Linux fundamentals

This page should serve as a reference for the many "things Linux" we use in this course.

Getting around in the shell

Important keyboard shortcuts

Type as little and as accurately as possible by using keyboard shortcuts!

Tab key completion

The Tab key is your best friend! Hit the Tab key once or twice - it's almost always magic! Hitting Tab invokes "shell completion", instructing the shell to try to guess what you're doing and finish the typing for you. On most modern Linux shells, Tab completion will:

complete file or directory names up to any ambiguous part (single Tab)
- if nothing shows up, there is no unambiguous match
display all possible completions (Tab twice)
- you then decide where to go next
work for shell commands too (like rsync or chmod)

Up arrow

Use "up arrow" to retrieve any of the last 500 commands you've typed, going backwards through your history. You can then edit them and hit Enter (even in the middle of the command) and the shell will use that command. The down arrow "scrolls" forward from where you are in the command history.

Ctrl-a, Ctrl-e

You can use Ctrl-a (holding down the "control" key and "a") to jump the cursor right to the beginning of the line. The omega to that alpha is Ctrl-e, which jumps the cursor to the end of the line. Arrow keys work, and Ctrl-arrow will skip by word forward and backward.

Wildcards and special file names

The shell has shorthand to refer to groups of files by allowing wildcards in file names.

* (asterisk) is the most common filename wildcard.

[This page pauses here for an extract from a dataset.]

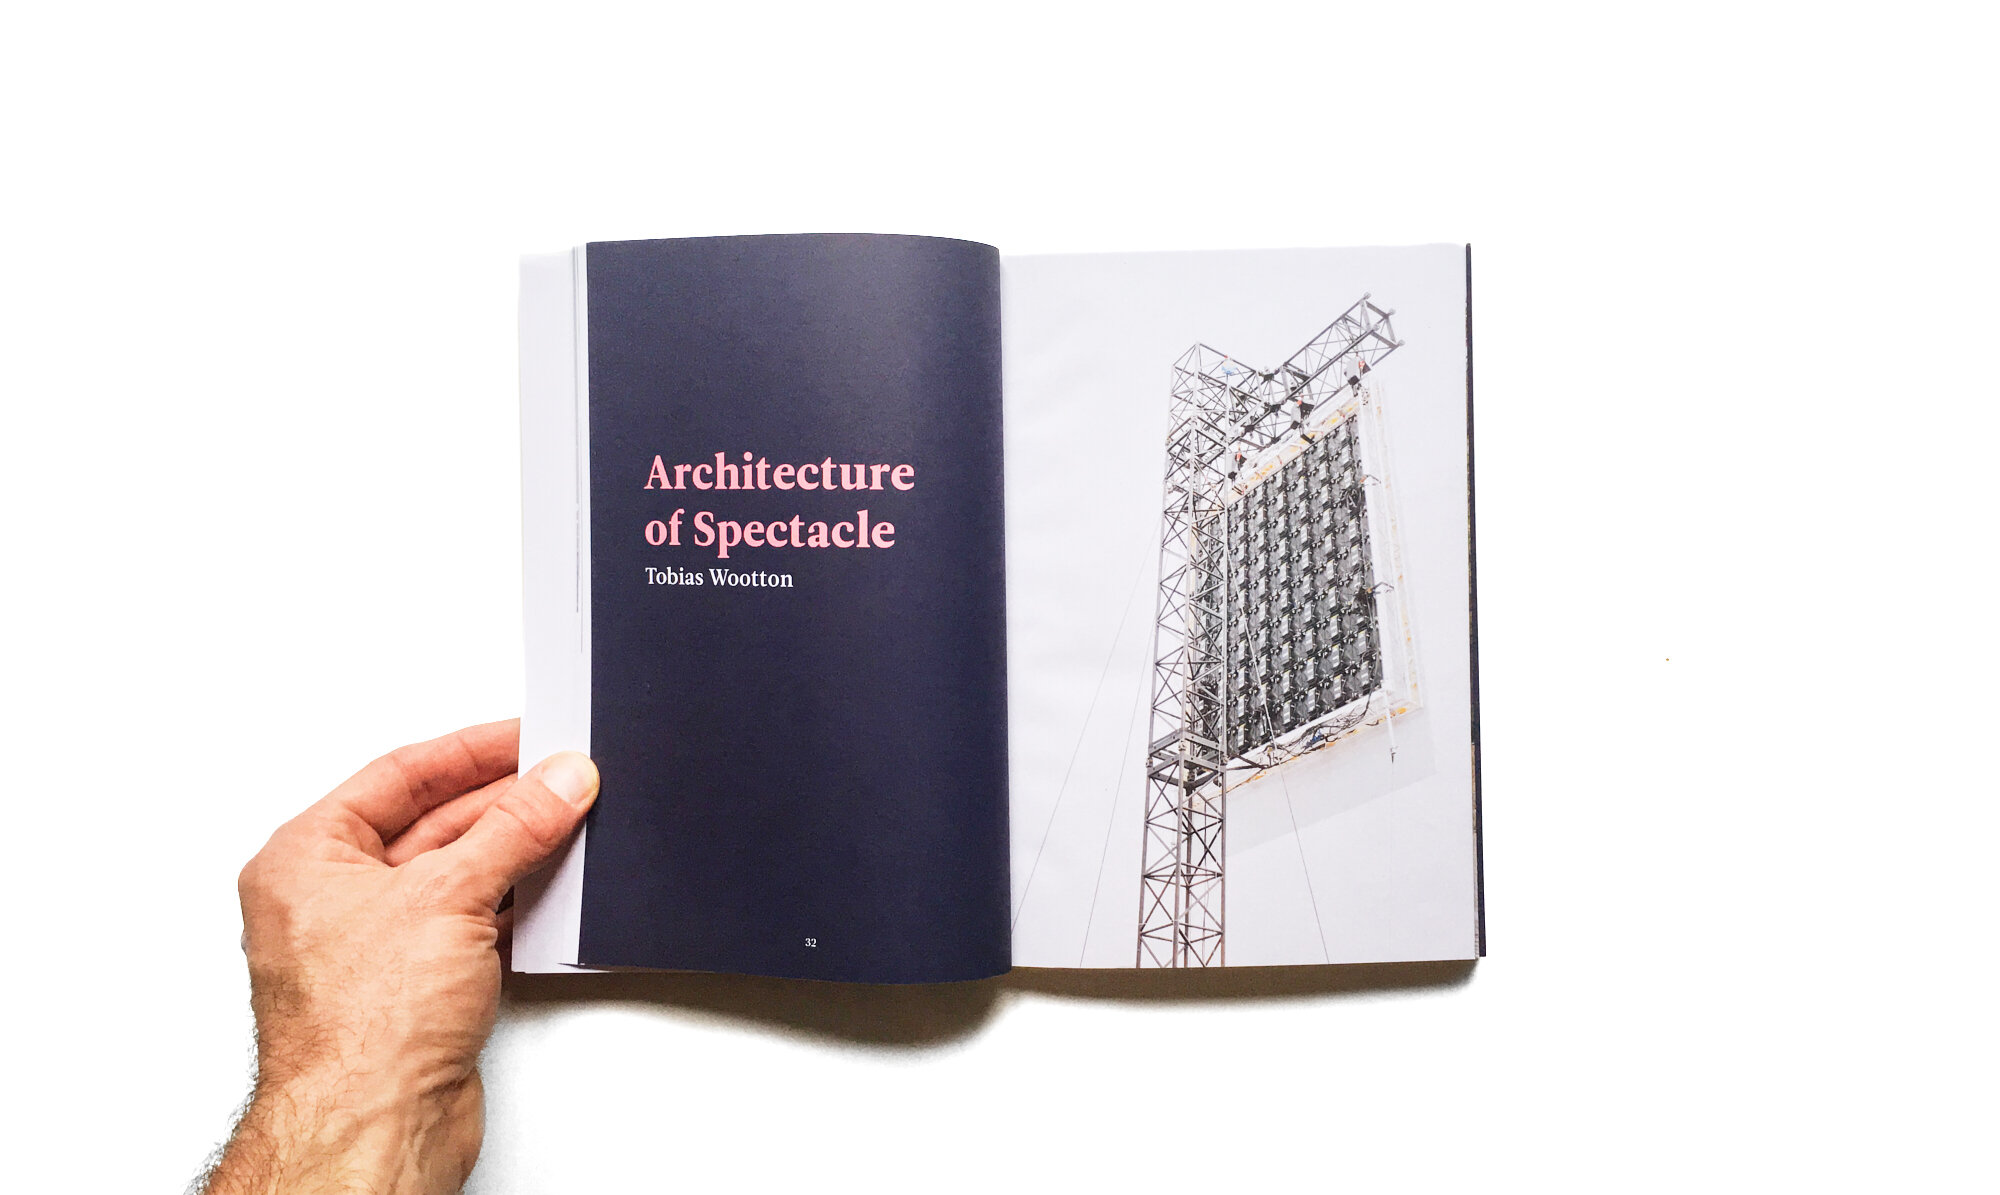  a selection from the Archtiecture of spectacle was featured in King’s Review ‘extremes’ edition

It matches "any length of any characters".

Other useful ones are brackets ( [ ] ) to allow for any character in the list of characters between the brackets. And you can use a hyphen ( - ) to specify a range of characters

For example:

ls *.bam – lists all files in the current directory that end in .bam
ls [A-Z]*.bam – does the same, but only if the first character of the file is a capital letter
ls [ABab]*.bam – lists all .bam files whose 1st letter is A, B, a or b.

Three special file names:

. (single period) means "this directory".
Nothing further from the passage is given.